Arthur, incrédule mais intrigué, lui demanda comment il
comptait procéder : « Si on coupe le billet de un dollar en deux dans le
sens de l’épaisseur, on pourra ensuite le décolorer et redessiner un billet
de cent dollars ». Son ami répondit aussitôt : « Tu es fou ! Dans le
sens de l’épaisseur ?? Mais c’est impossible ». Alors Baldwin répondit :
« C’est pourtant évident… ». Et nos deux compères tapissèrent la
ville. Quelques mois plus tard, le trésor américain reçut un billet de cent
dollars envoyé pour vérification par une banque de Philadelphie car le sceau
rouge semblait trop pâle. Mais, il s’agissait sans doute d’une simple erreur
d’impression car, à part cet infime détail, le reste était parfait.

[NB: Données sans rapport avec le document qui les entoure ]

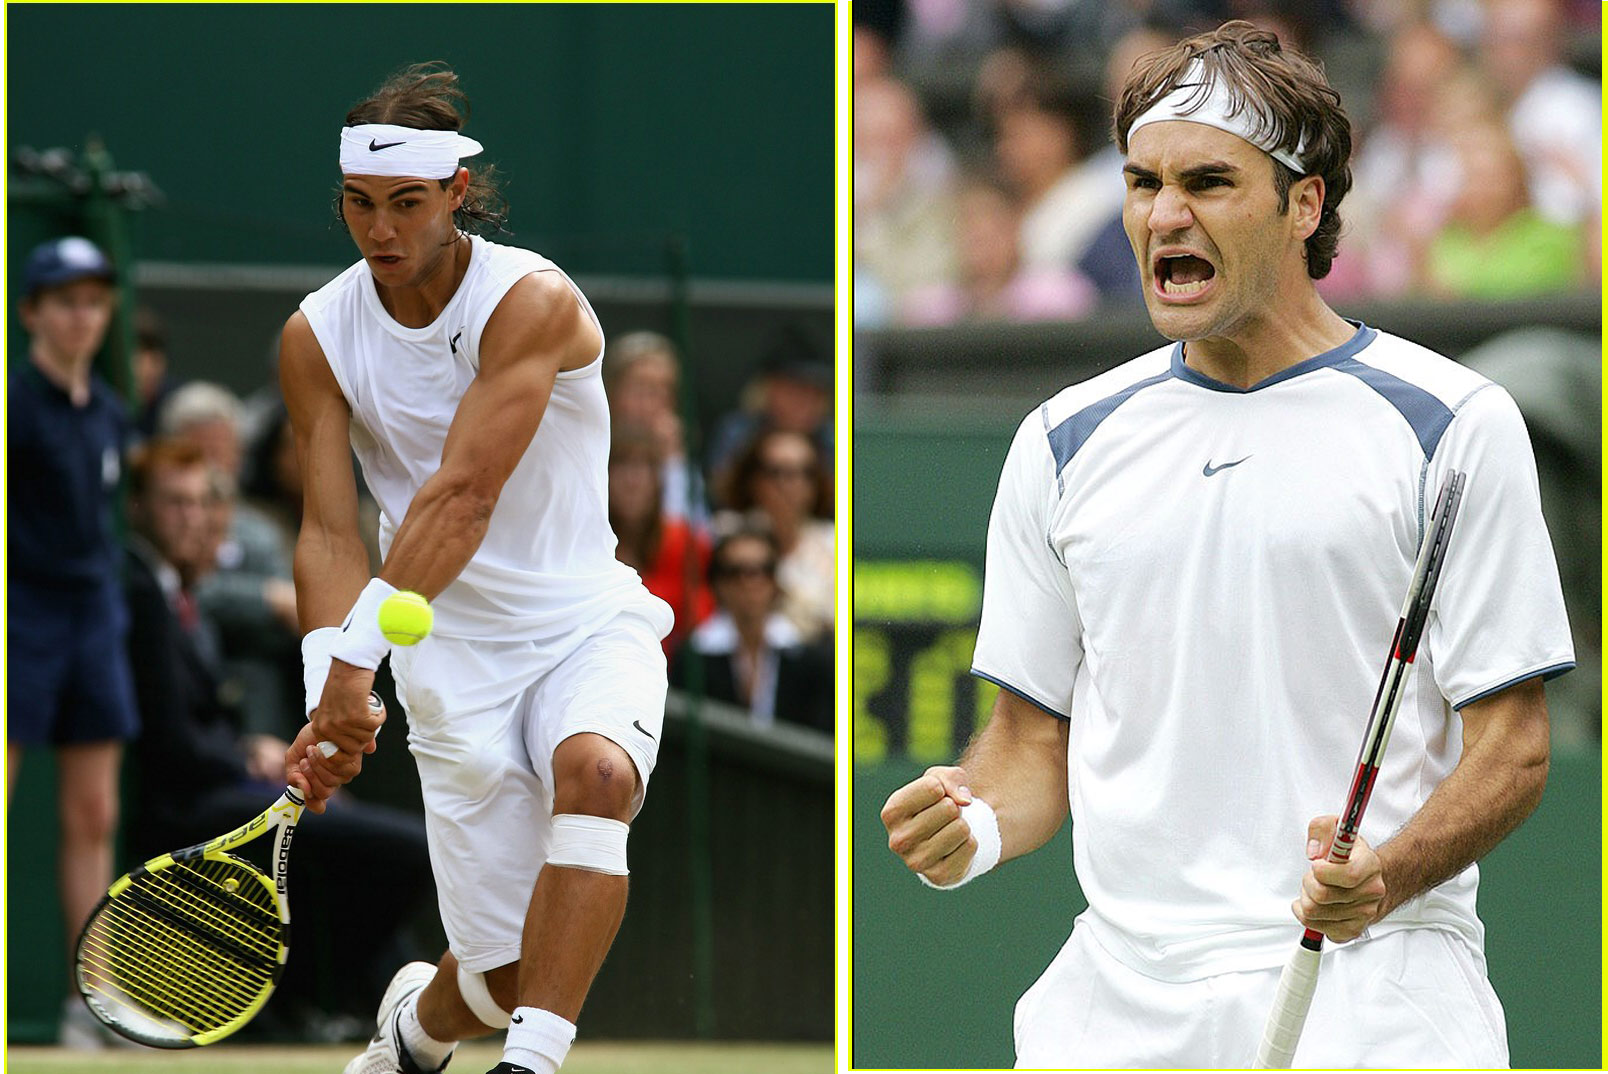 Siêu kinh điển Federer - Nadal: 10 năm trận đấu thiên niên kỷ (Chung kết Wimbledon 2008) - 15
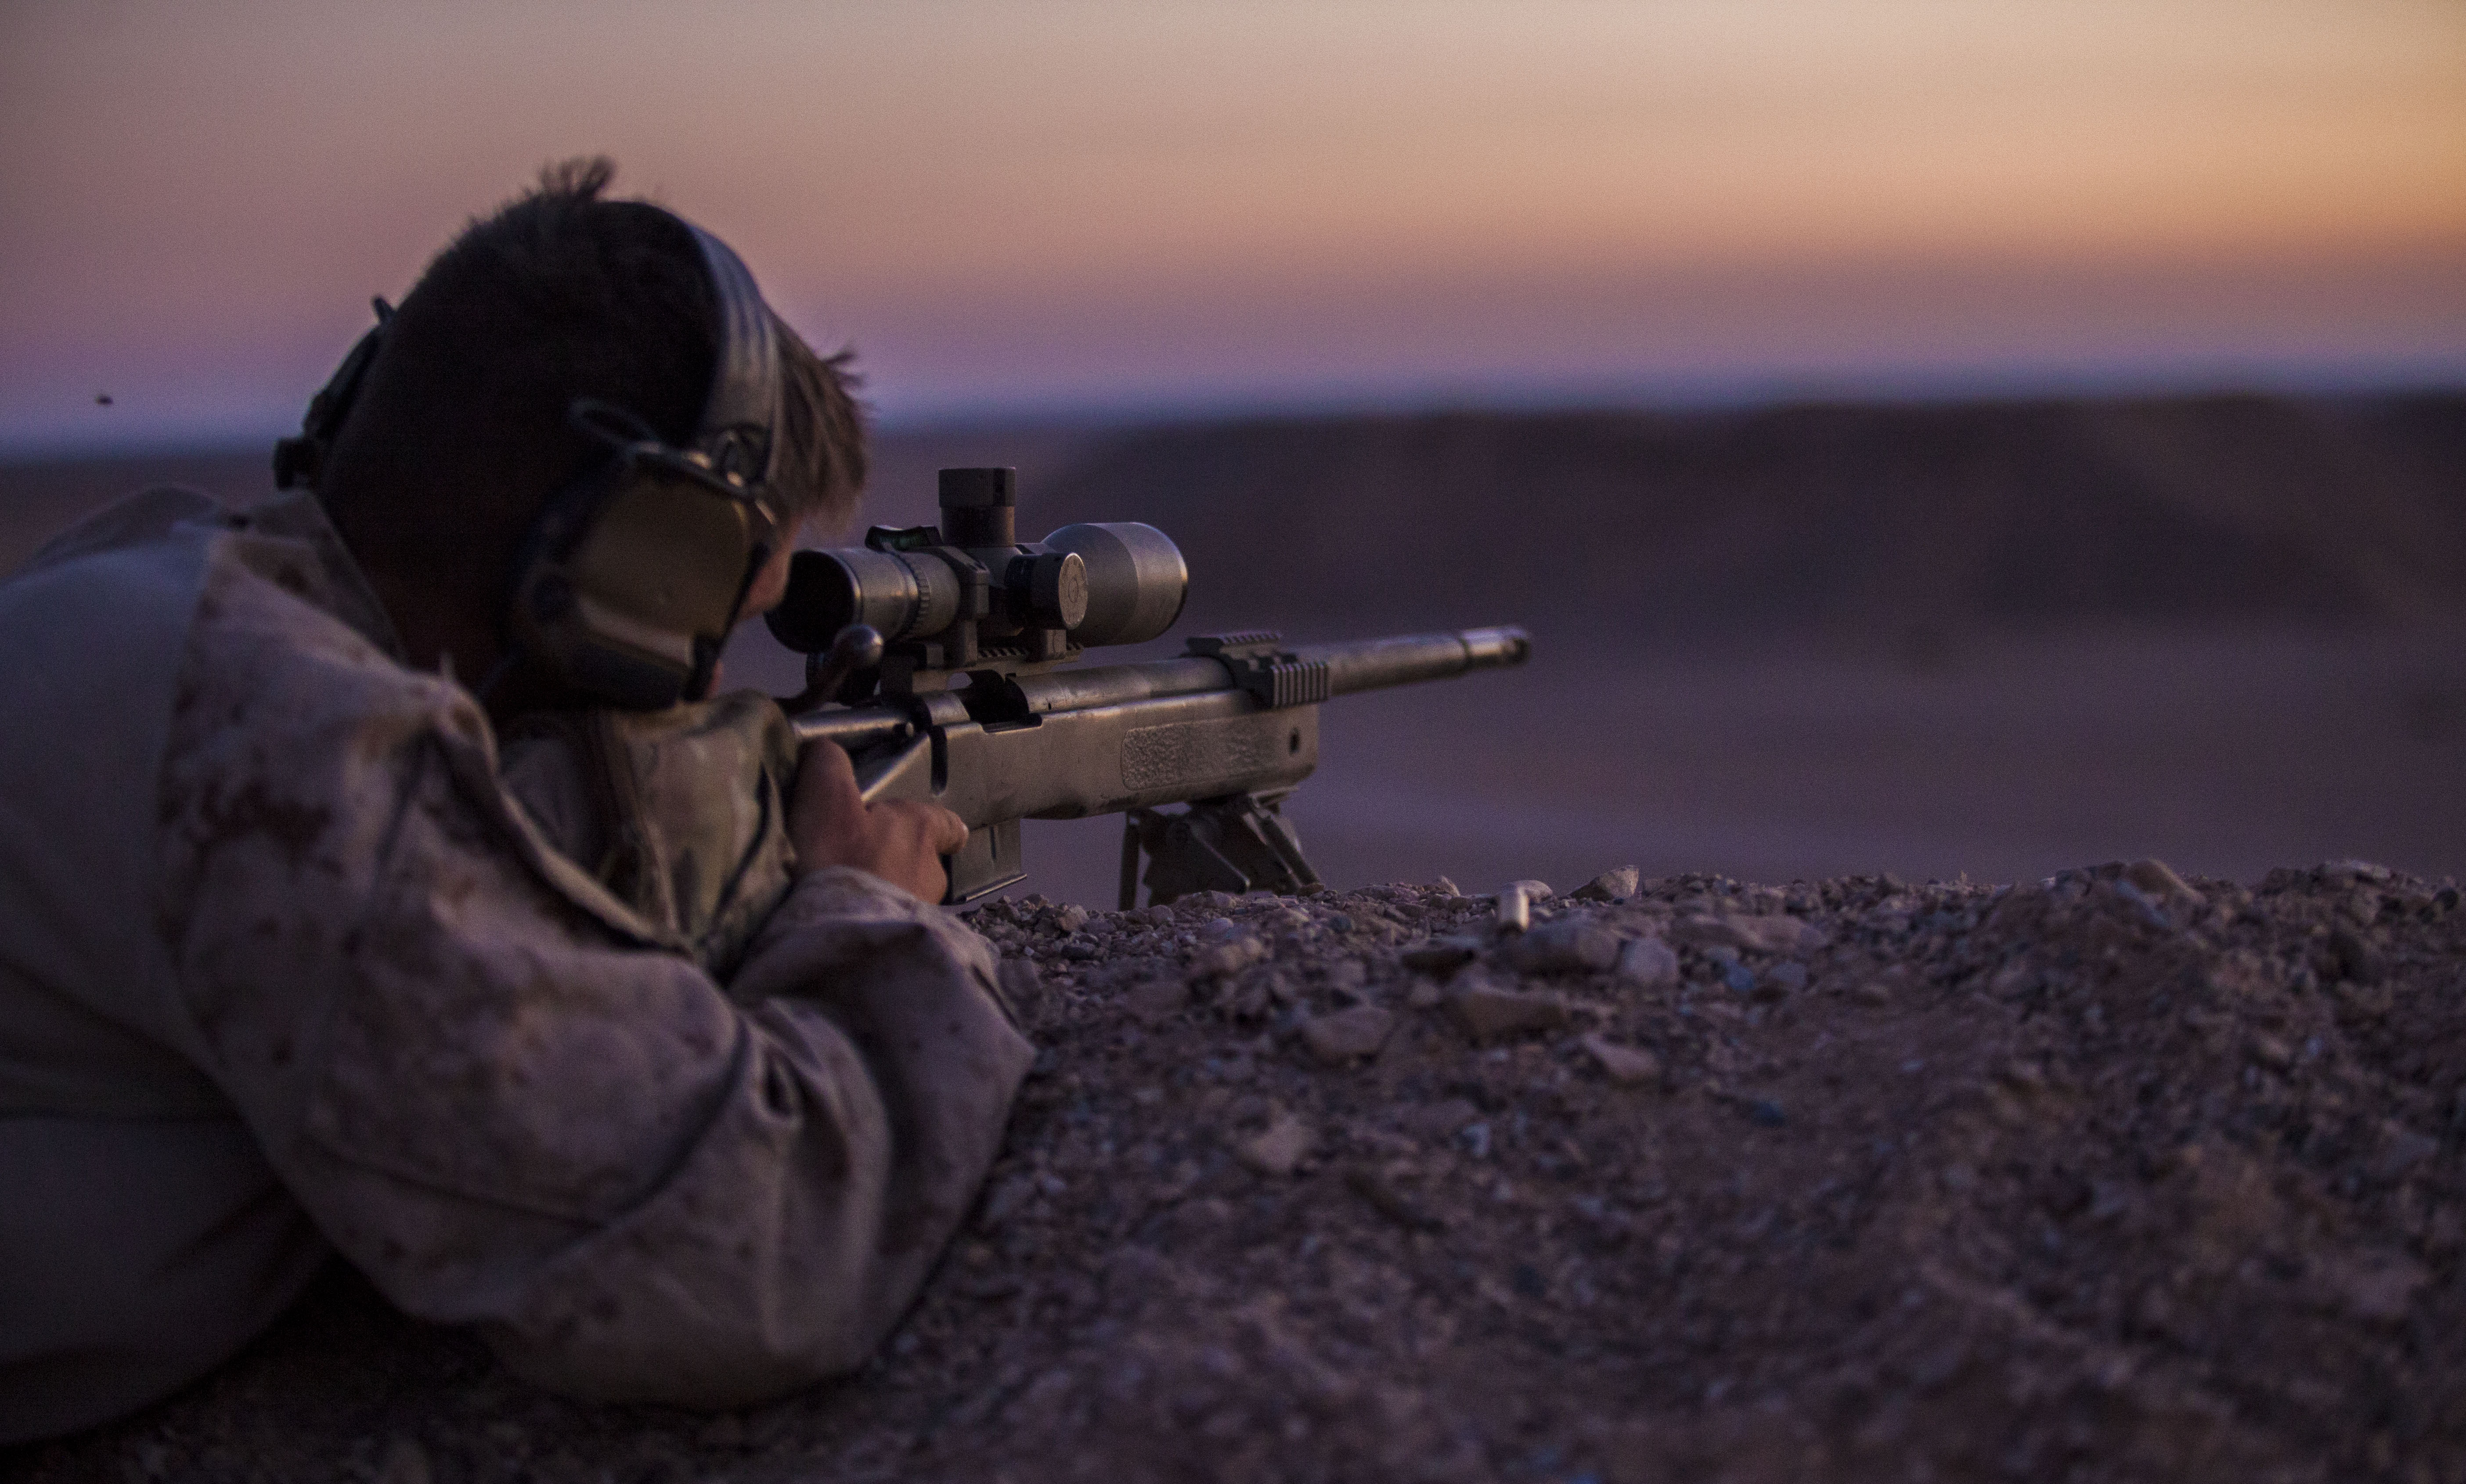 Снайперы секунду назад. M40a5 морской пехоты США. Роберт Фарлонг снайпер. Снайпер ночью. Взгляд снайпера.

Ce sera la première conclusion des experts de
l’administration. Mais, un expert plus méticuleux fit tremper le billet dans
de l’eau chaude et, horrifié, il eut la surprise de sa vie : le billet se
sépara en deux dans le sens de l’épaisseur… Aussitôt, il alerte le chef des
services secrets, William P. Hazen, chargé, avec la brigade financière du
F.B.I de traquer les faux monnayeurs qui mettent ainsi en péril le monopole
le plus sensible qui soit : la création de monnaie. Ce dernier alerte à son
tour le secrétaire américain au trésor : nous sommes en présence d’un
faussaire comme on n’en a jamais vu, s’exclame-t-il dans l’affolement
général. De fait, il apparait rapidement qu’il s’avère impossible de savoir
combien de faux billets sont déjà en circulation. Alors le secrétaire au
trésor prend une décision extraordinaire : il fait retirer de la circulation tous
les billets de cent dollars, soit vingt-six millions de dollars, au risque de
provoquer une panique générale.
Cette décision va mettre la puce à l’oreille du fabricant
de cigares. Pendant ce temps, le chef des services secrets est destitué et
son remplaçant, John Wilkie, est chargé de trouver le faussaire. Il
consacrera toute son énergie à ce but, finissant par mettre la main sur les
deux faussaires, à leur grande surprise. Baldwin et Arthur sont emprisonnés
et avouent tout. Pourtant, nouvel exploit, ils vont parvenir à imprimer, de
leur cellule, des coupures de vingt dollars pour effrayer les autorités et
négocier une remise de peine, notamment en faisant croire qu’il existait à
l’extérieur une « planche à billet ». Car la police était bien décidée à découvrir
le fameux procédé de fabrication des deux arnaqueurs, qui n’avaient pas dit
un mot à ce sujet. Finalement, en échange de leur secret, la justice fut
clémente surtout que l’opinion publique adorait leurs exploits audacieux qui
embarrassaient tant le gouvernement.
Les experts eux-mêmes, sincèrement impressionnés, ont
admis qu’ils avaient face à eux les plus grands faux-monnayeurs de tous les
temps. Les experts n’ont jamais divulgué le secret au public et, après avoir
purgé leur peine, les deux génies se sont rangés, mais n’ont jamais parlé du
procédé. Vers la fin de sa fin, Baldwin s’est contenté de dire : « C’est
pourtant simple… ». Et ils sont morts de leur belle mort dans les oubliettes
de l’histoire. Ils furent cependant surveillés par la police toute leur vie,
au cas où…
A leur mort, les autorités poussèrent un soupir de
soulagement : le secret resterait à tout jamais ignoré… envolé avec ses
inventeurs de génie eux-mêmes oubliés.